*WHAT THE EXERCISE ASKS*. Repeat the data word for word and skip the pictures.

*DATA SHOWN*.
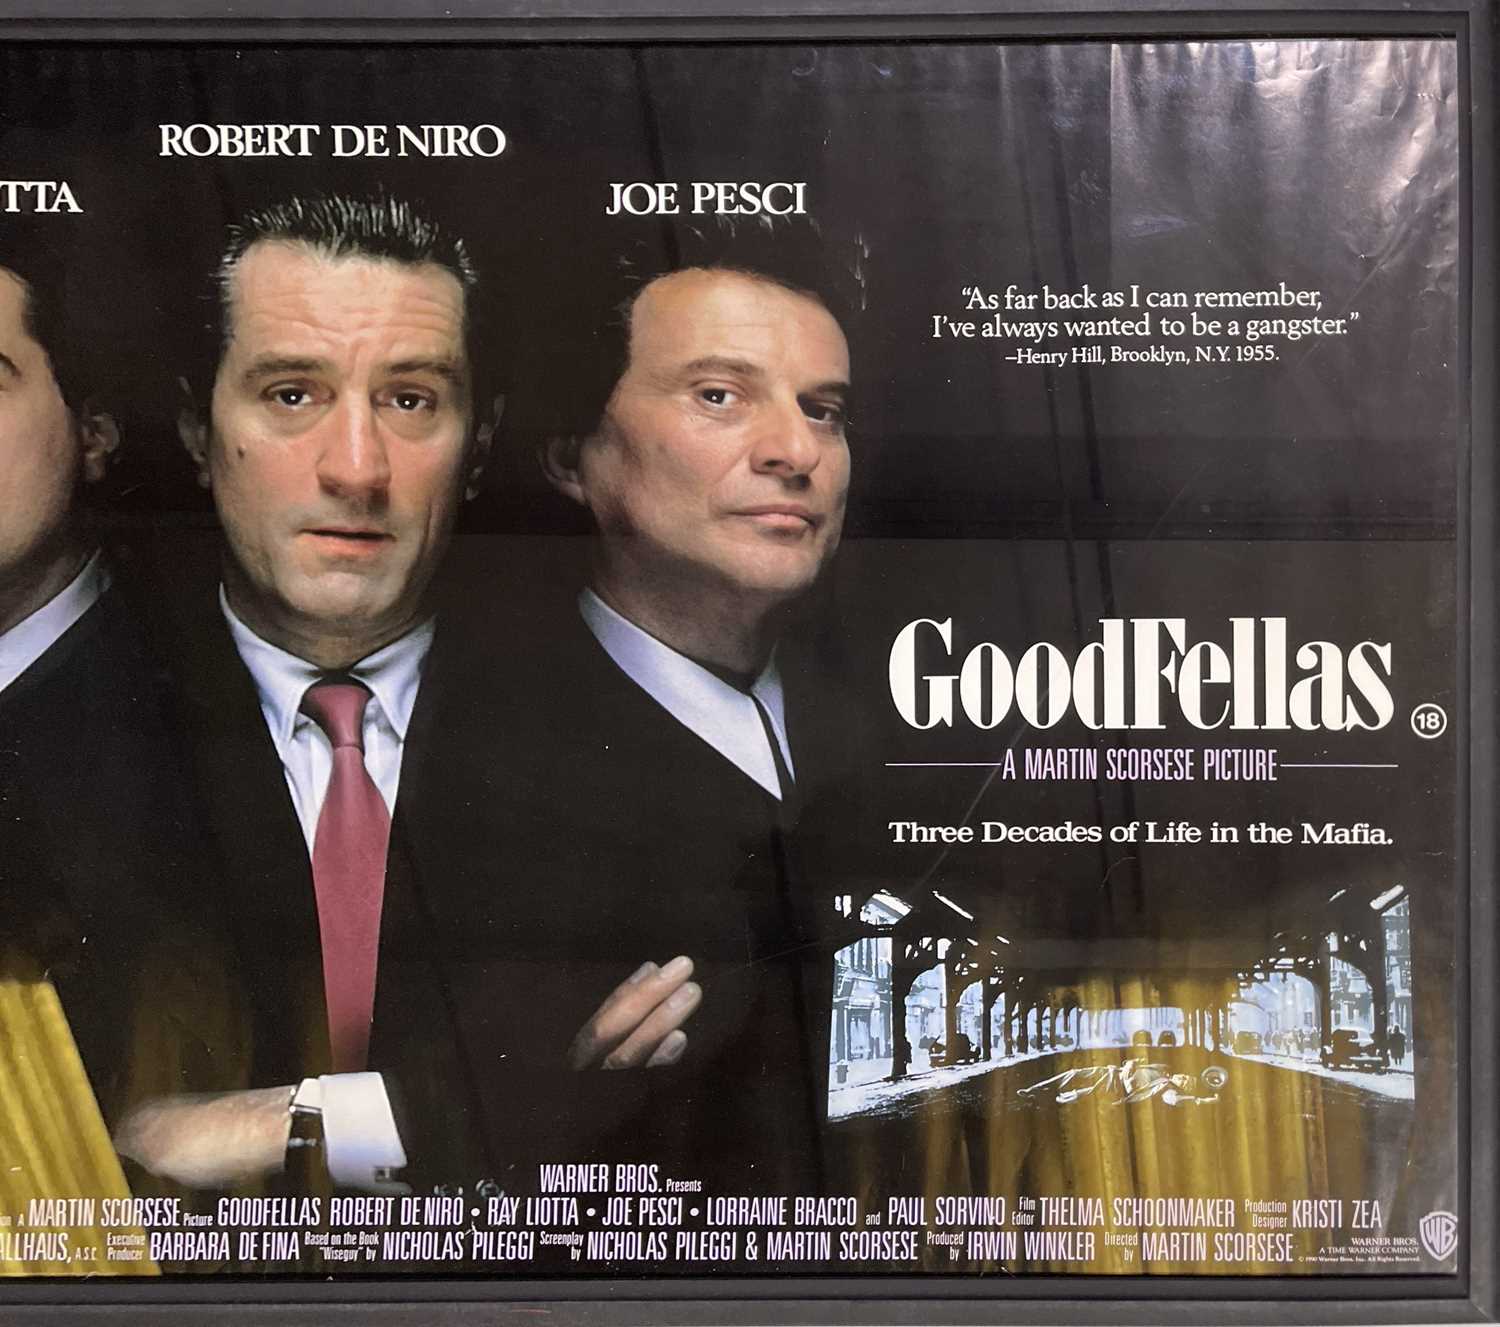 GOODFELLAS (1990) ORIGINAL UK QUAD POSTER. - Image 2 of 4
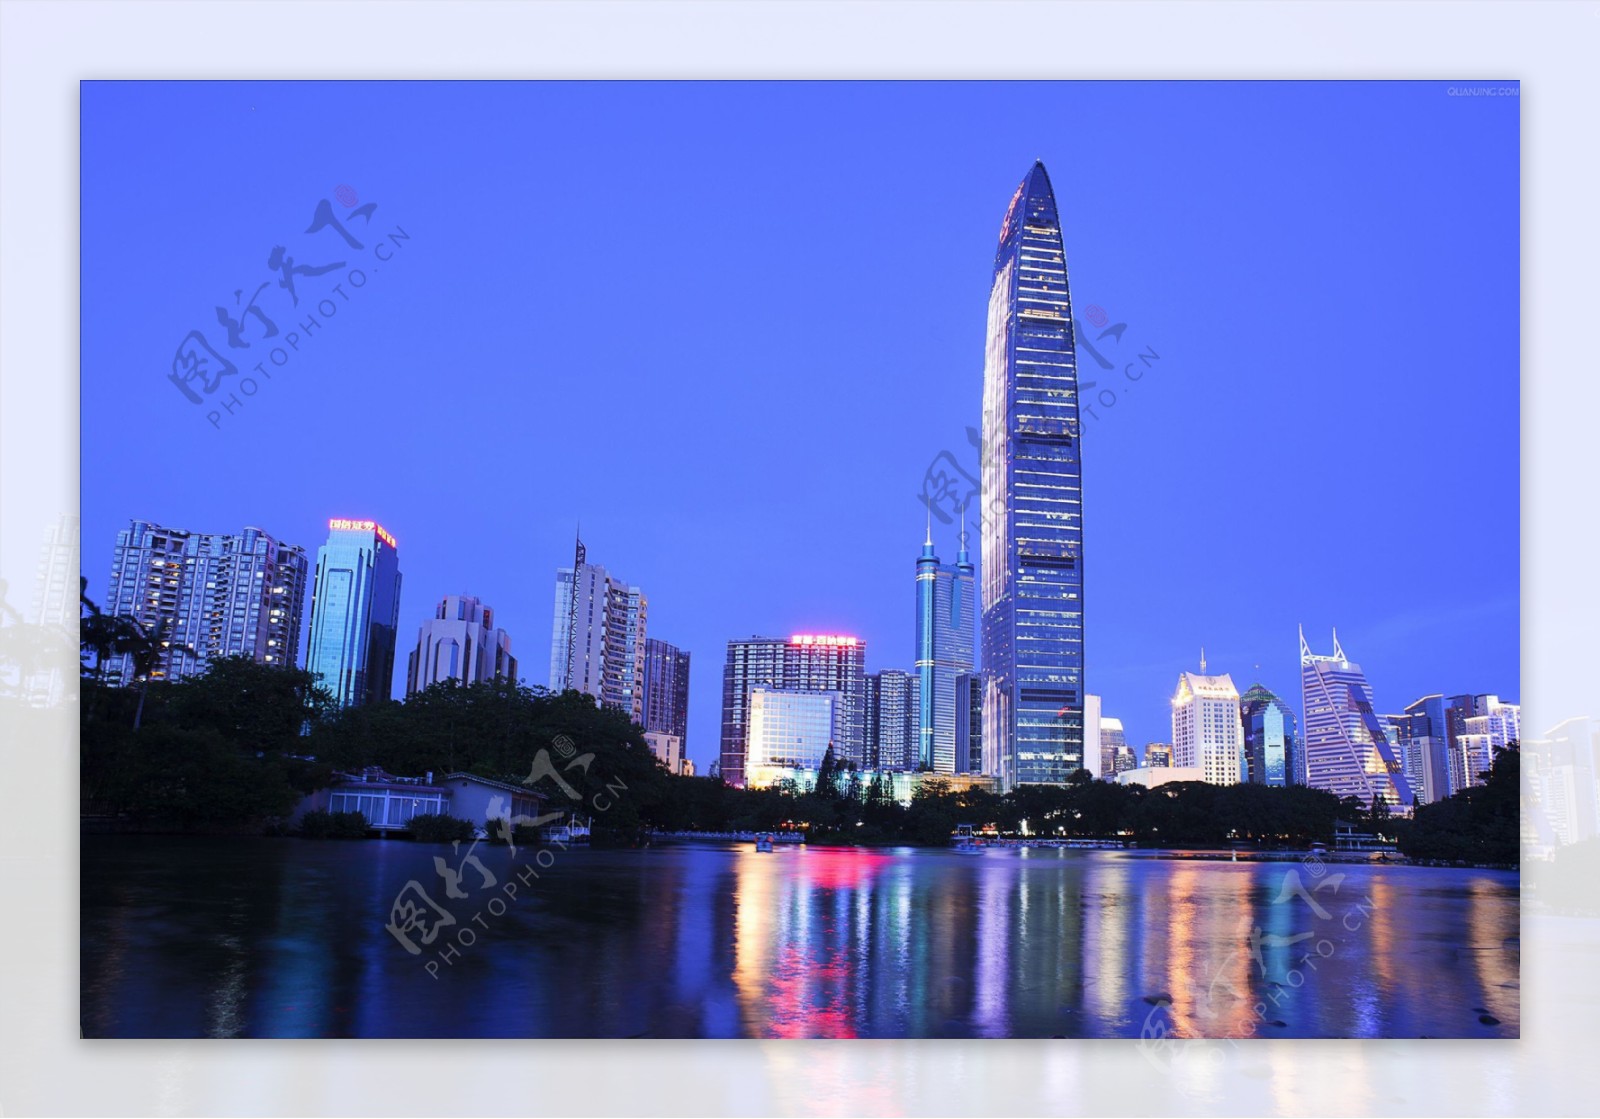 深圳城市建筑风光图片
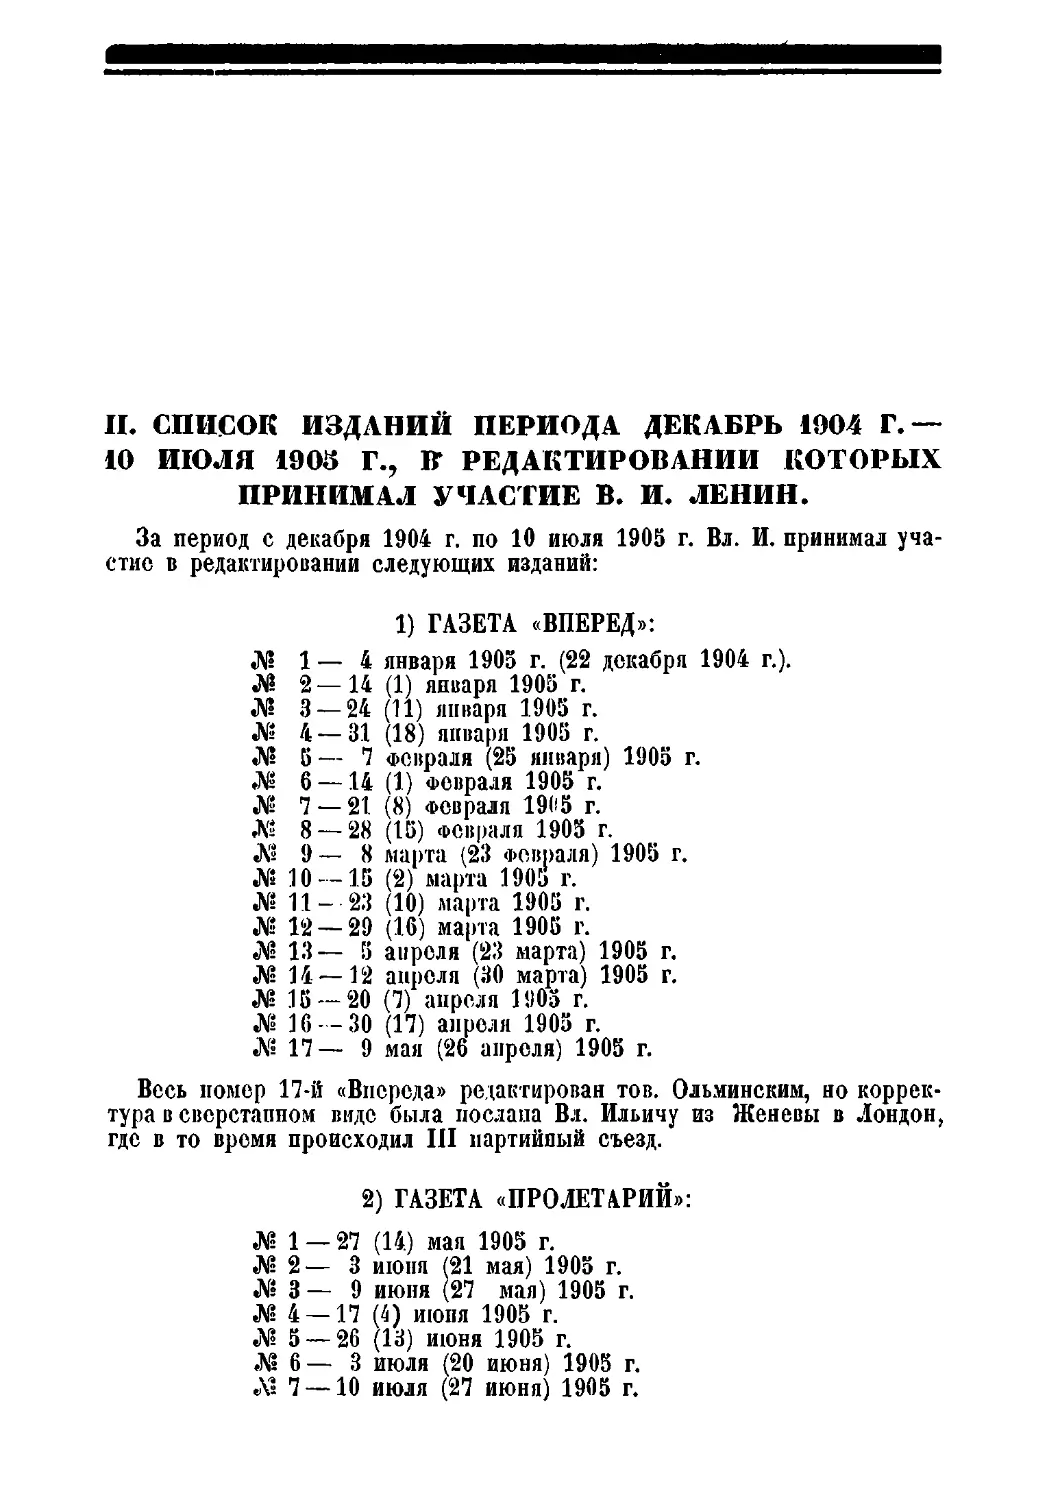 II. Список изданий периода декабрь 1904 г. — 10 июля 1905 г., в редактировании которых принимал участие В. И. Ленин
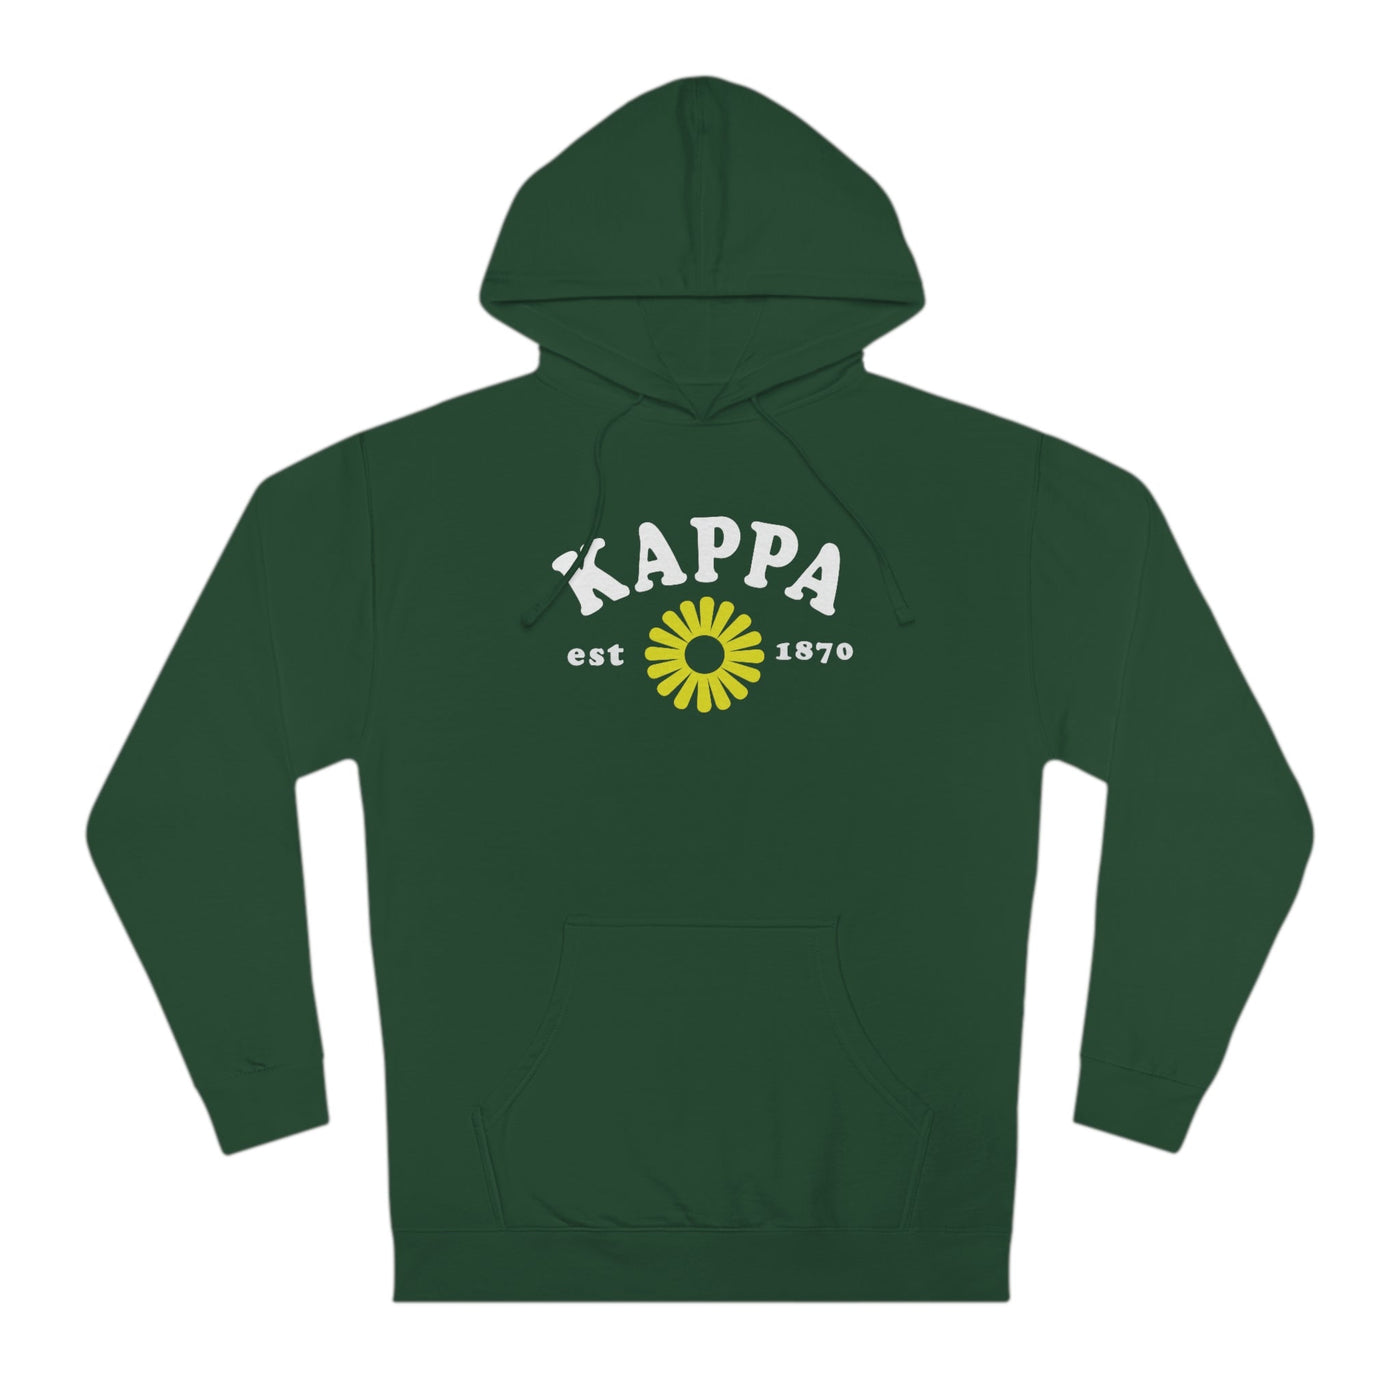 Kappa Kappa Gamma Lavender Flower Sorority Hoodie | Trendy Sorority KKG Sweatshirt

*WRITTEN SOLUTION*.
 GOODFELLAS (1990) ORIGINAL UK QUAD POSTER. - Image 2 of 4
 深圳城市建筑风光图片
 II. Список изданий периода декабрь 1904 г. — 10 июля 1905 г., в редактировании которых принимал участие В. И. Ленин
 Kappa Kappa Gamma Lavender Flower Sorority Hoodie | Trendy Sorority KKG Sweatshirt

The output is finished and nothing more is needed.